Serpentine: California's State Rock

Serpentine: California State Mineral

Serpentine rock is apple-green to black and is often mottled with light and dark colored areas. Its surfaces often have a shiny or wax-like appearance and a slightly soapy feel. Serpentine is usually fine-grained and compact but may be granular, platy, or fibrous in appearance. The term "serpentine" is commonly used by the general public to refer to the rock type that geologists call "serpentinite." Serpentine occurs in central and northern California -- in the Coast Ranges, the Klamath Mountains, and in the Sierra Nevada foothills.

Serpentine rock is primarily composed of one or more of the three magnesium silicate minerals, "lizardite," "chrysotile," and "antigorite." Chrysotile often occurs as fibrous veinlets in serpentine. Chrysotile in fibrous form is the most common type of asbestos. Asbestos is a term applied to a group of silicate minerals that readily separates into thin, strong, and flexible fibers that are heat resistant. Lizardite and antigorite do not form asbestos fibers and instead are plate-like in form. Because serpentine often contains some asbestos, and exposure to asbestos fibers have potential human-health consequences, the Air Resources Board adopted regulations in 1990 restricting the use of this rock type as an unpaved road surfacing material. Further information on restrictions for serpentine use in California can be obtained by contacting Air Resources Board at (916) 322-8285, or the local Air Pollution Control District Offices. See our asbestos page for information about asbestos in El Dorado County, a brochure that describes the issue, and related web links.

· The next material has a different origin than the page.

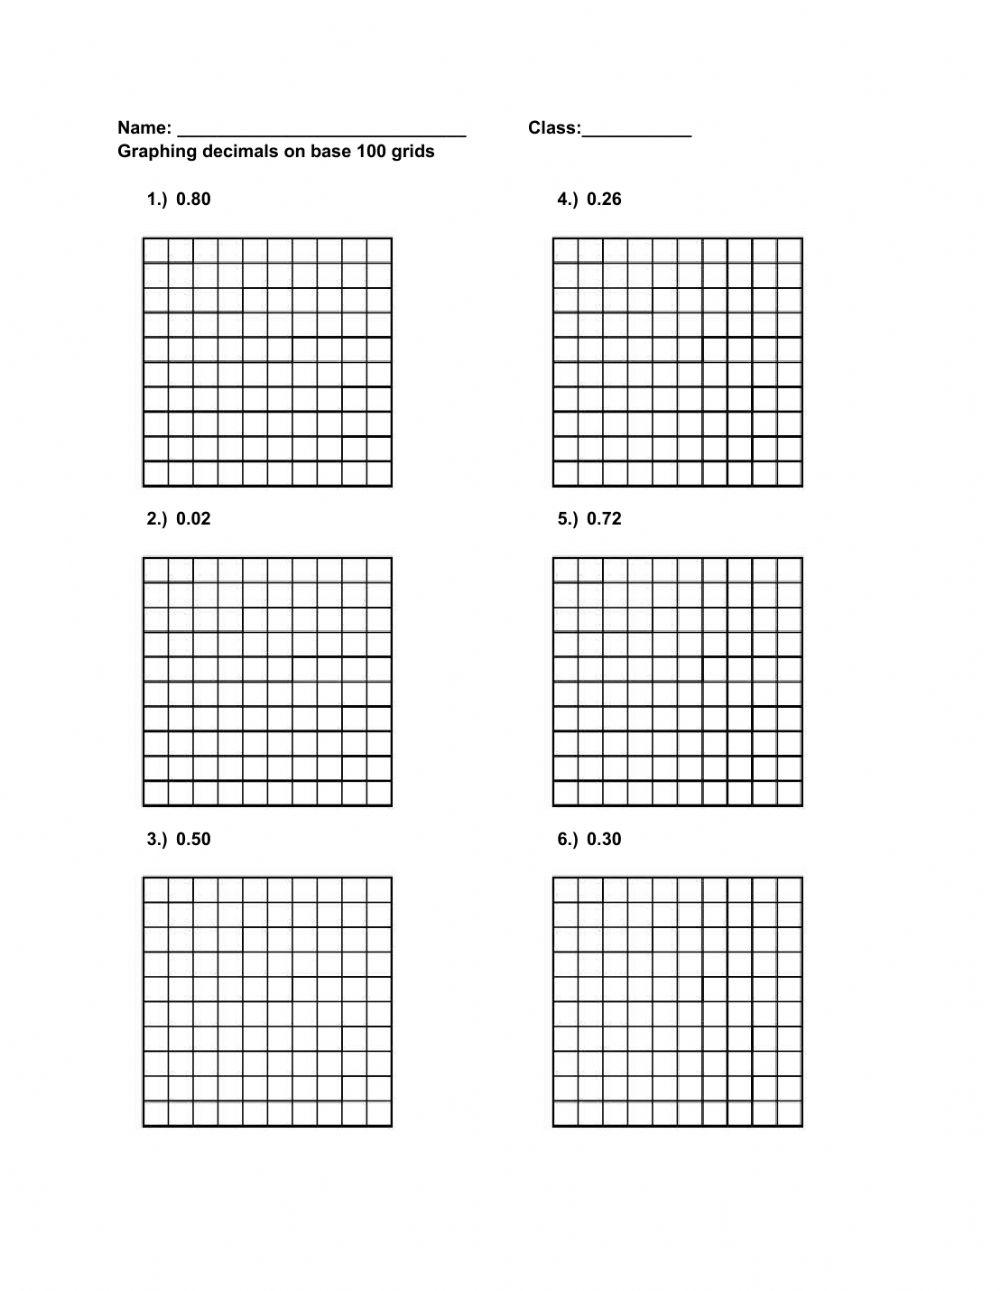 Graphing Decimals on 100 Grid online exercise for | Live Worksheets

Serpentine is considered by geoscientists to be the metamorphosed remains of magnesium-rich igneous rocks, most commonly the rock peridotite, from the earth’s mantle. The mantle is a thick layer of rock just below the earth’s crust. One theory for serpentine formation and occurrence currently in favor with many geoscientists is that peridotite underlying oceanic crustal rocks have been metamorphosed to serpentine in subduction zones that existed at various times in California’s past. A subduction zone is an area where ocean crust rocks run into and slide underneath the edge of a continent. Because serpentine has a much lower density than peridotite, it rose toward the surface along major regional thrust faults associated with the subduction zones.